*Problem to solve:*
Every line of the listing below from the one with "The Showcase email" up to and including the one with "Foundation Textured Bangle Silver" should be retyped exactly, and nothing else; pictures are not part of the copy.

*Given information:*
══════════

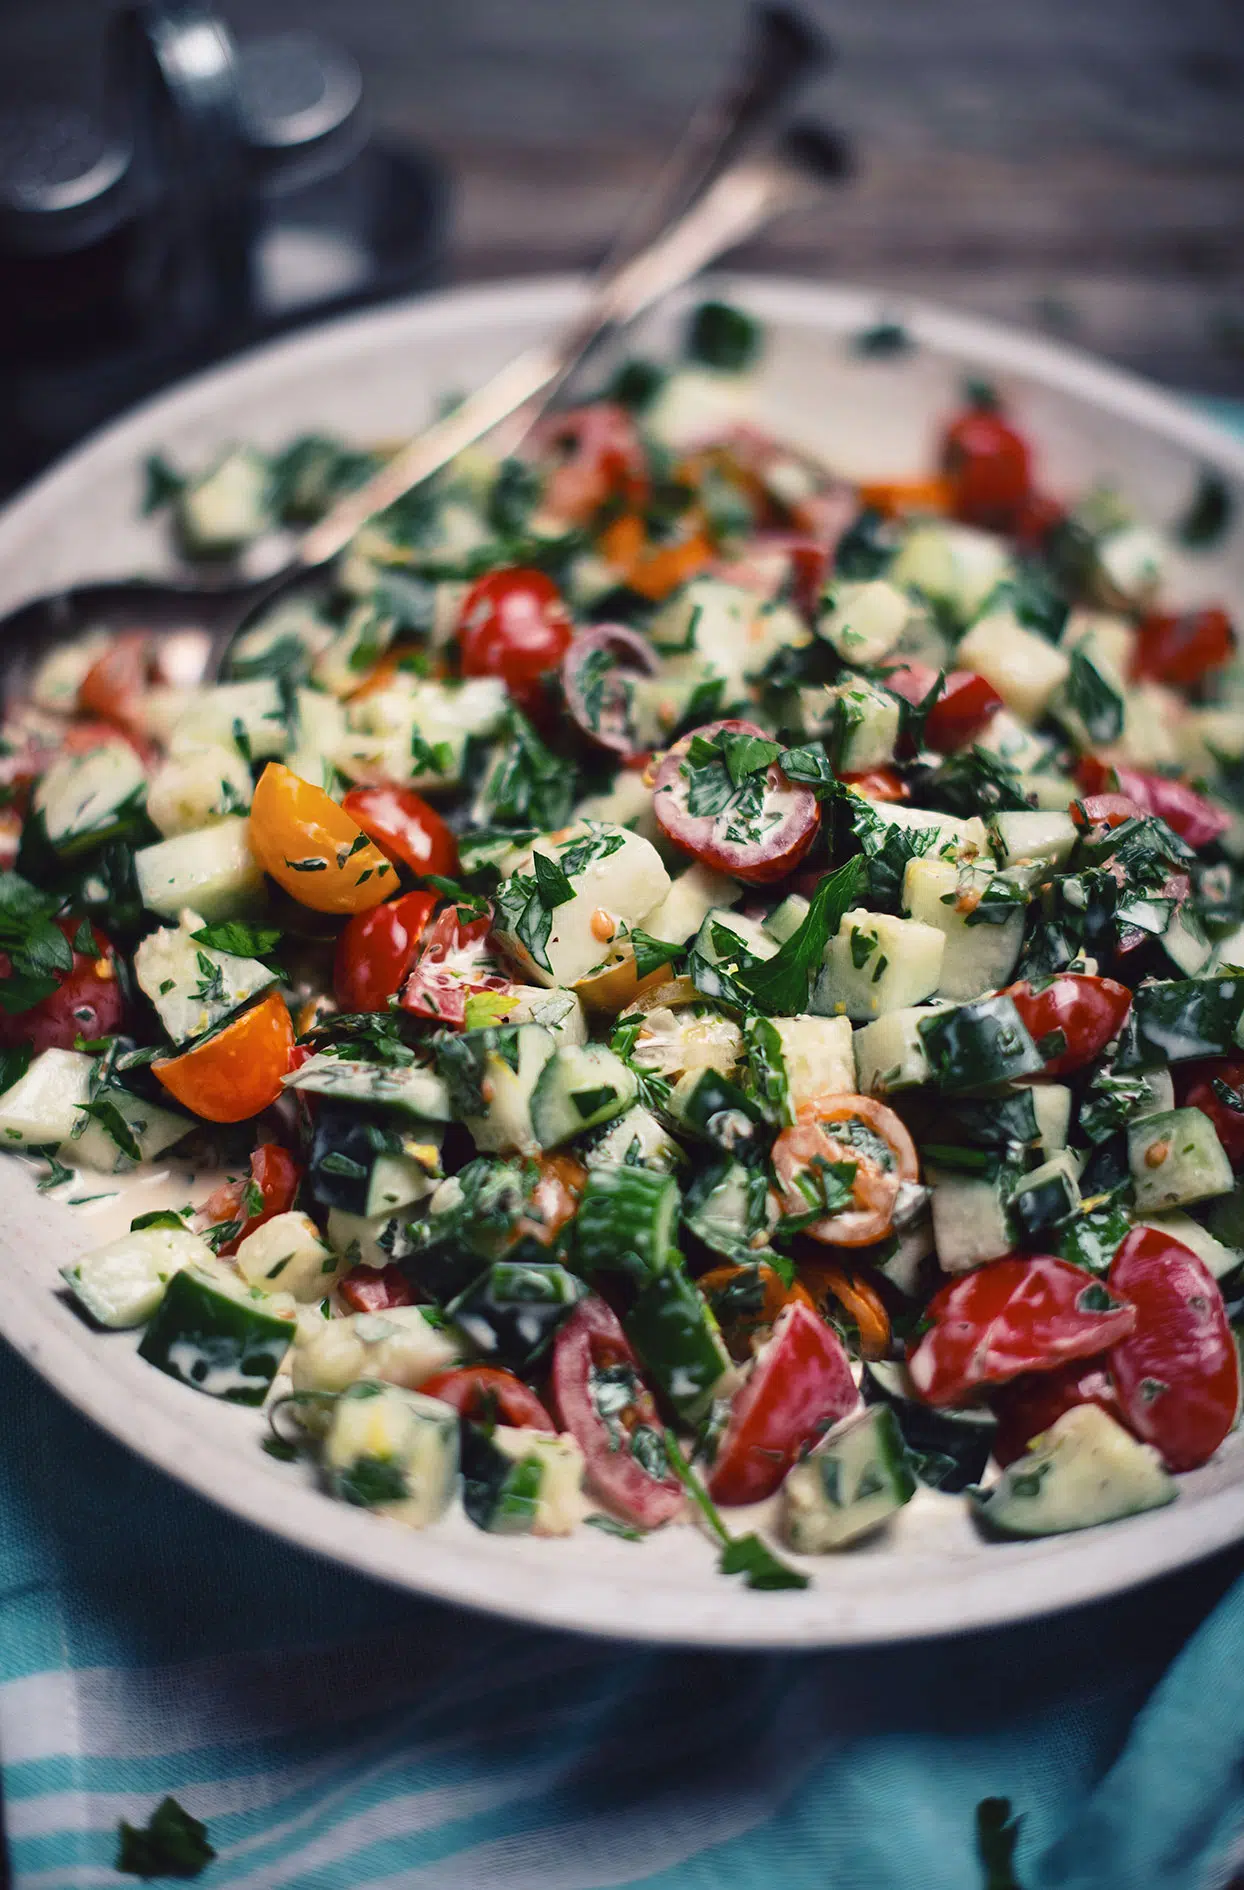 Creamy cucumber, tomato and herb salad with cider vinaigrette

══════════

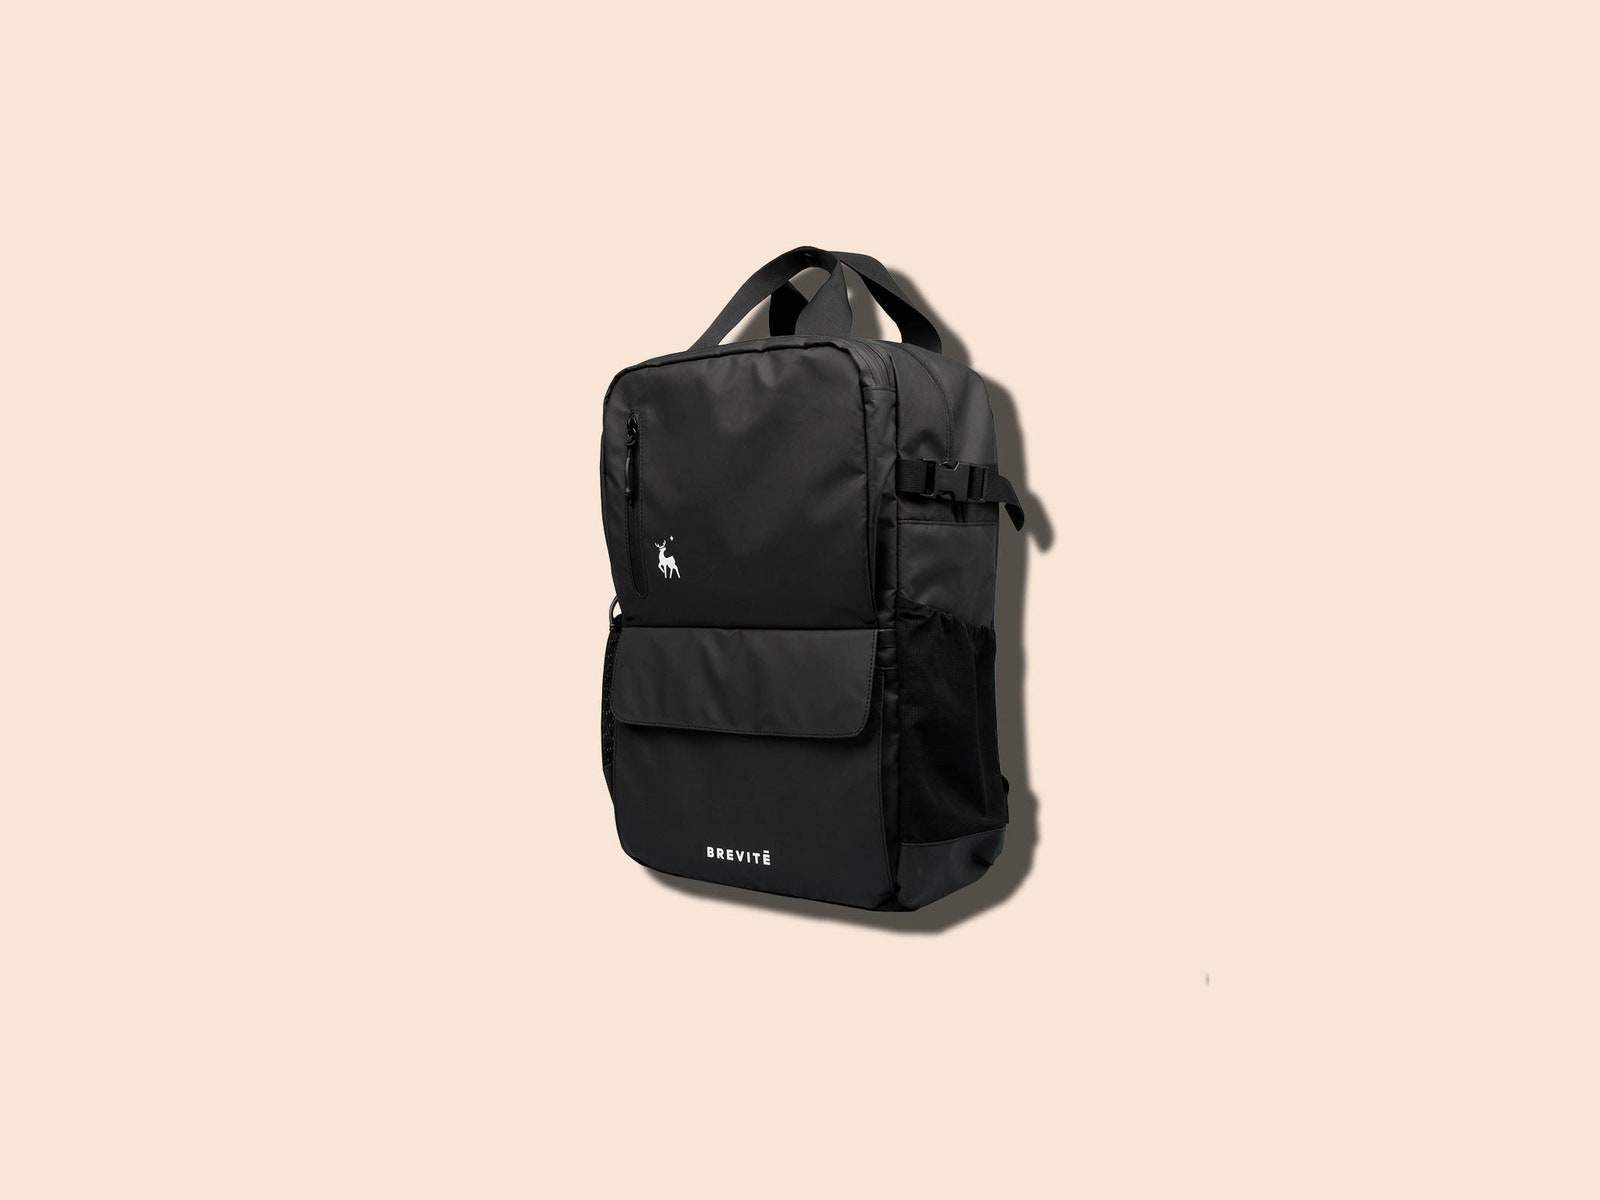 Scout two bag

══════════

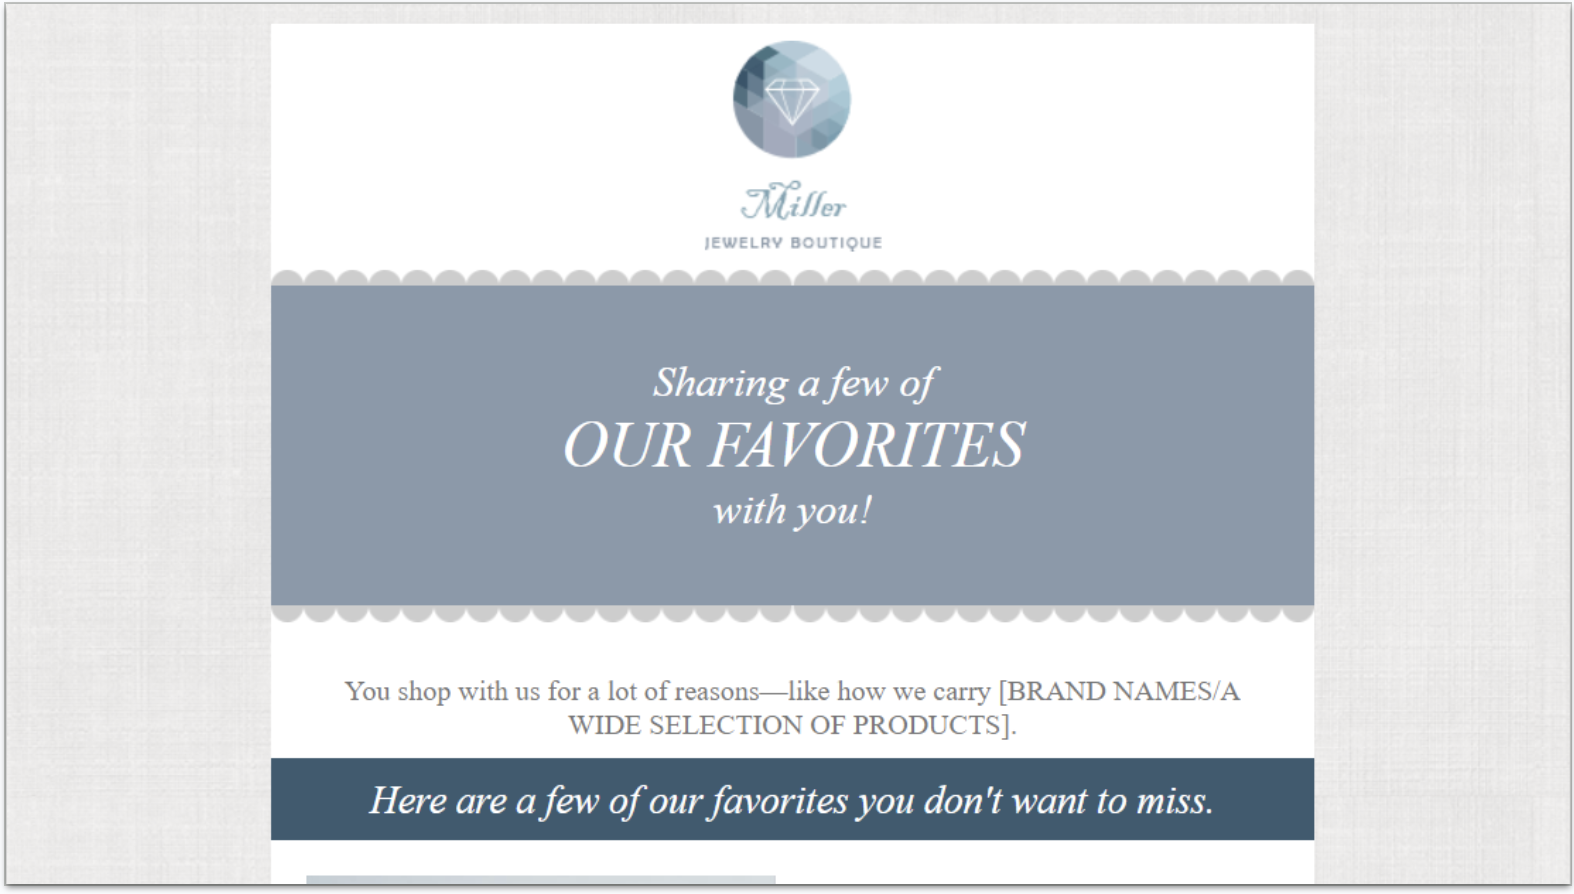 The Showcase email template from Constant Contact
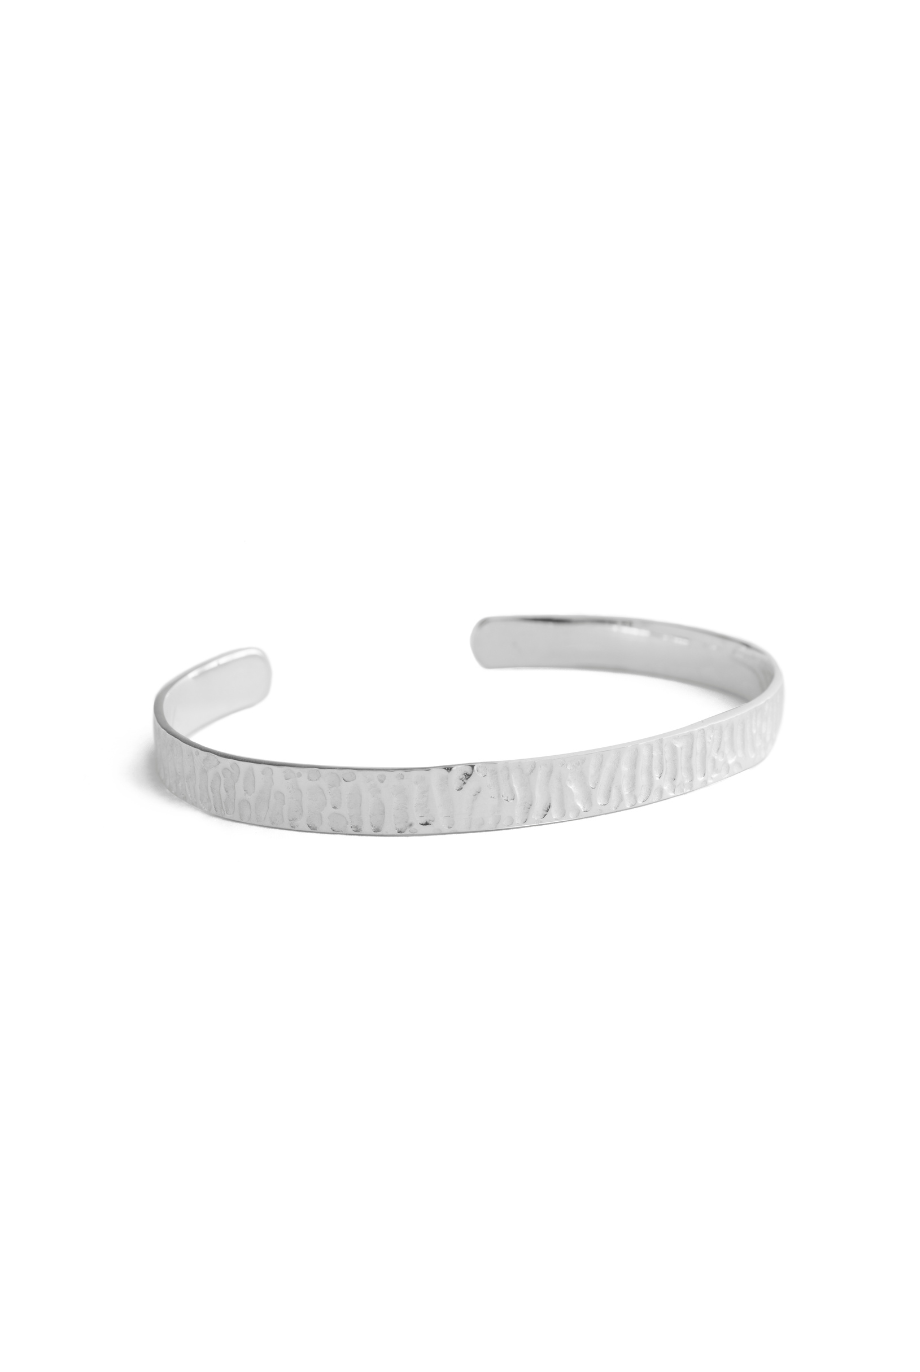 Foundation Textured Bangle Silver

══════════

*Solution for this task:*
 The Showcase email template from Constant Contact
 Foundation Textured Bangle Silver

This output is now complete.